A structured set of objections, weighed in public.

Desk editor's note, referee report, simulated authors' rebuttal, and a circularity audit. Tearing a paper down is the easy half of reading it; the pith above is the substance, this is the friction.

Desk Editor's Note private letter to a colleague

The 100% toolchain prediction likely comes from format detection in stage one, while the 49% functionality results lack baselines to validate the semantic stages.

read the letter

The main thing to know is that PLC-BinX reports perfect scores on identifying the toolchain from binaries across four platforms, but this task aligns closely with what the first reverse-engineering stage would do by parsing headers and formats. The functionality prediction task, at 51% precision and 49% F1 over 22 labels, is the more relevant test of semantic representations yet remains modest.

The paper brings a new dataset, PLC-BEAD, with 2431 binaries from CODESYS v3, GEB, OpenPLC v2, and OpenPLC v3. It also defines a three-stage workflow aimed at the specific problems of heterogeneous PLC formats, entangled code, and weak downstream representations. That focus on a practical ICS security gap is the clearest contribution.

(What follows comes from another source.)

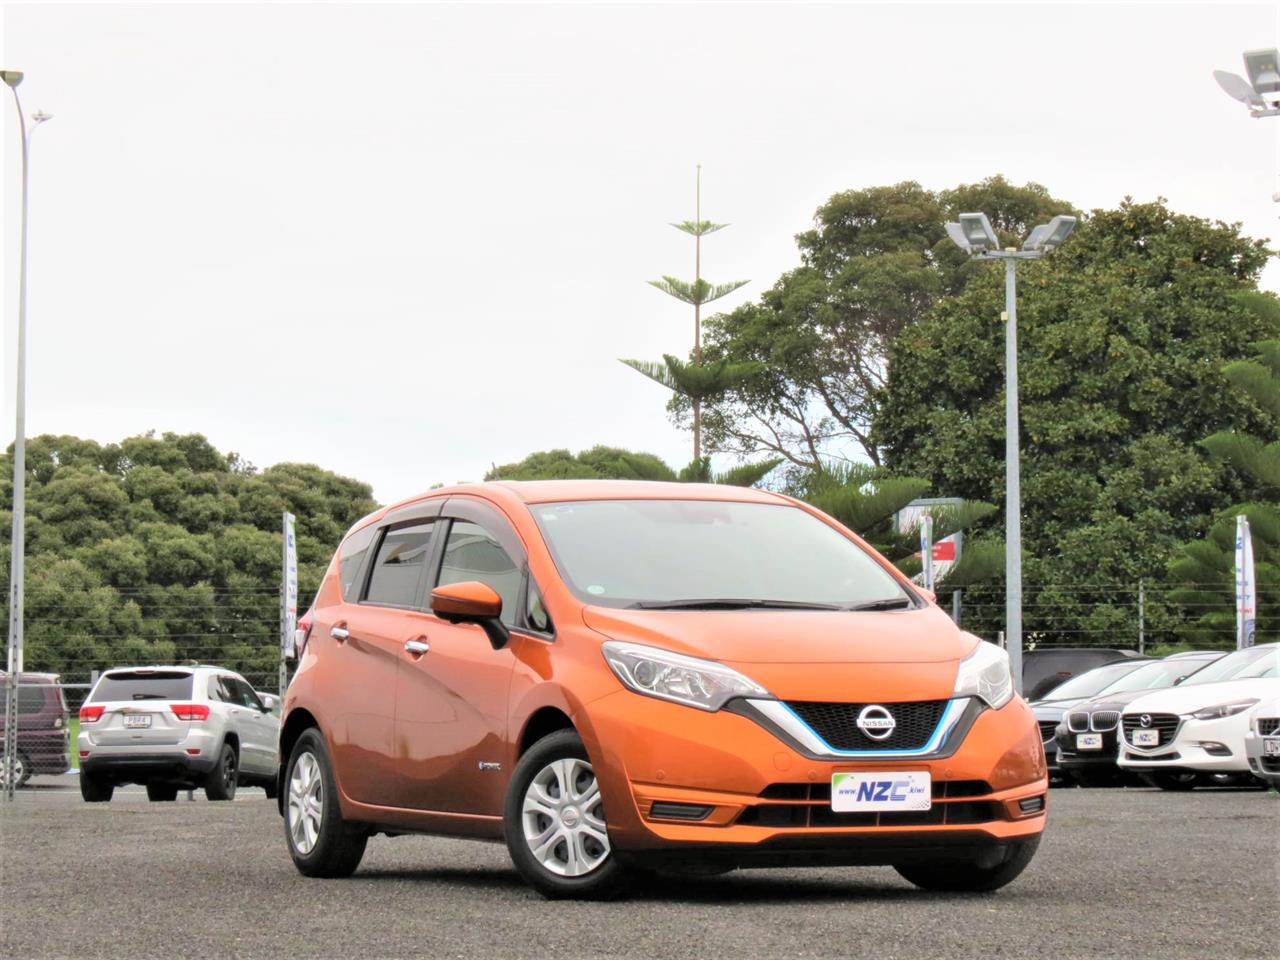 NZC 2016 Nissan NOTE just arrived to Auckland

The soft spots are the absence of any baseline comparisons or ablations for the functionality task, plus no breakdown of how much each stage adds. Without those, it is difficult to tell whether the later stages overcome entangled semantics or simply ride on the initial parsing. The abstract supplies performance numbers but little on method details or error patterns.

This work is for researchers in industrial control systems security and binary analysis who need PLC-specific resources. A reader in that area could use the dataset and workflow sketch as a starting point.

It deserves peer review because it supplies new data and testable claims on a real problem. I would send it to referees with requests for baselines and stage-wise analysis.

Referee Report

3 major / 2 minor

Summary. The paper introduces PLC-BinX, a cross-platform binary code analysis framework for PLC binaries that uses a three-stage workflow (cross-platform reverse engineering, core function identification, and function-level semantic representation) to address heterogeneous formats, entangled semantics, and limited representations. It is evaluated on the PLC-BEAD dataset of 2,431 binaries from four platforms (CODESYS v3, GEB, OpenPLC v2, OpenPLC v3) on two tasks: toolchain prediction (reported 100.00% precision/recall/F1) and functionality prediction (51.43% precision, 49.38% recall, 49.18% F1 over 22 labels). The central claim is that the framework transforms raw PLC binaries into effective function-level semantic representations.

Significance. If the results hold under proper validation, the work could contribute to ICS security by enabling binary analysis across PLC platforms and by releasing the PLC-BEAD dataset. The three-stage workflow targets real challenges in the domain. However, the reported metrics do not yet establish that the semantic stages are load-bearing or superior to simpler methods.

major comments (3)

[Abstract, Evaluation] Abstract and Evaluation section: The 100.00% precision/recall/F1 on toolchain prediction does not validate the full workflow or the semantic representation stages. Toolchain prediction is equivalent to platform identification, which can be performed by format detection (headers, magic bytes, or string constants) in the cross-platform reverse engineering stage alone; the core function identification and function-level semantic representation stages are not shown to be necessary for this result.
[Evaluation] Evaluation section: The functionality prediction task reports modest performance (51.43% precision, 49.38% recall, 49.18% F1 over 22 labels) but provides no baseline comparisons, ablations isolating the contribution of each workflow stage, or error analysis. Without these, it is not possible to determine whether the semantic representations are effective or whether the workflow overcomes entangled program semantics.
[Abstract, §3] Abstract and §3 (Workflow): The claim that the three-stage workflow is sufficient to overcome heterogeneous formats, entangled semantics, and limited representations rests on the assumption that core function identification and semantic representation add value beyond the first stage, but no evidence (e.g., stage-wise performance or comparison to format-only baselines) is supplied to support this.

minor comments (2)

[Abstract] The abstract states concrete performance numbers but does not describe dataset construction criteria, label definitions for the 22 functionality classes, or the exact method used to obtain the reported metrics.
[Evaluation] Notation for the semantic representation vectors and the downstream classifiers is not introduced in the provided abstract; this should be clarified in the main text for reproducibility.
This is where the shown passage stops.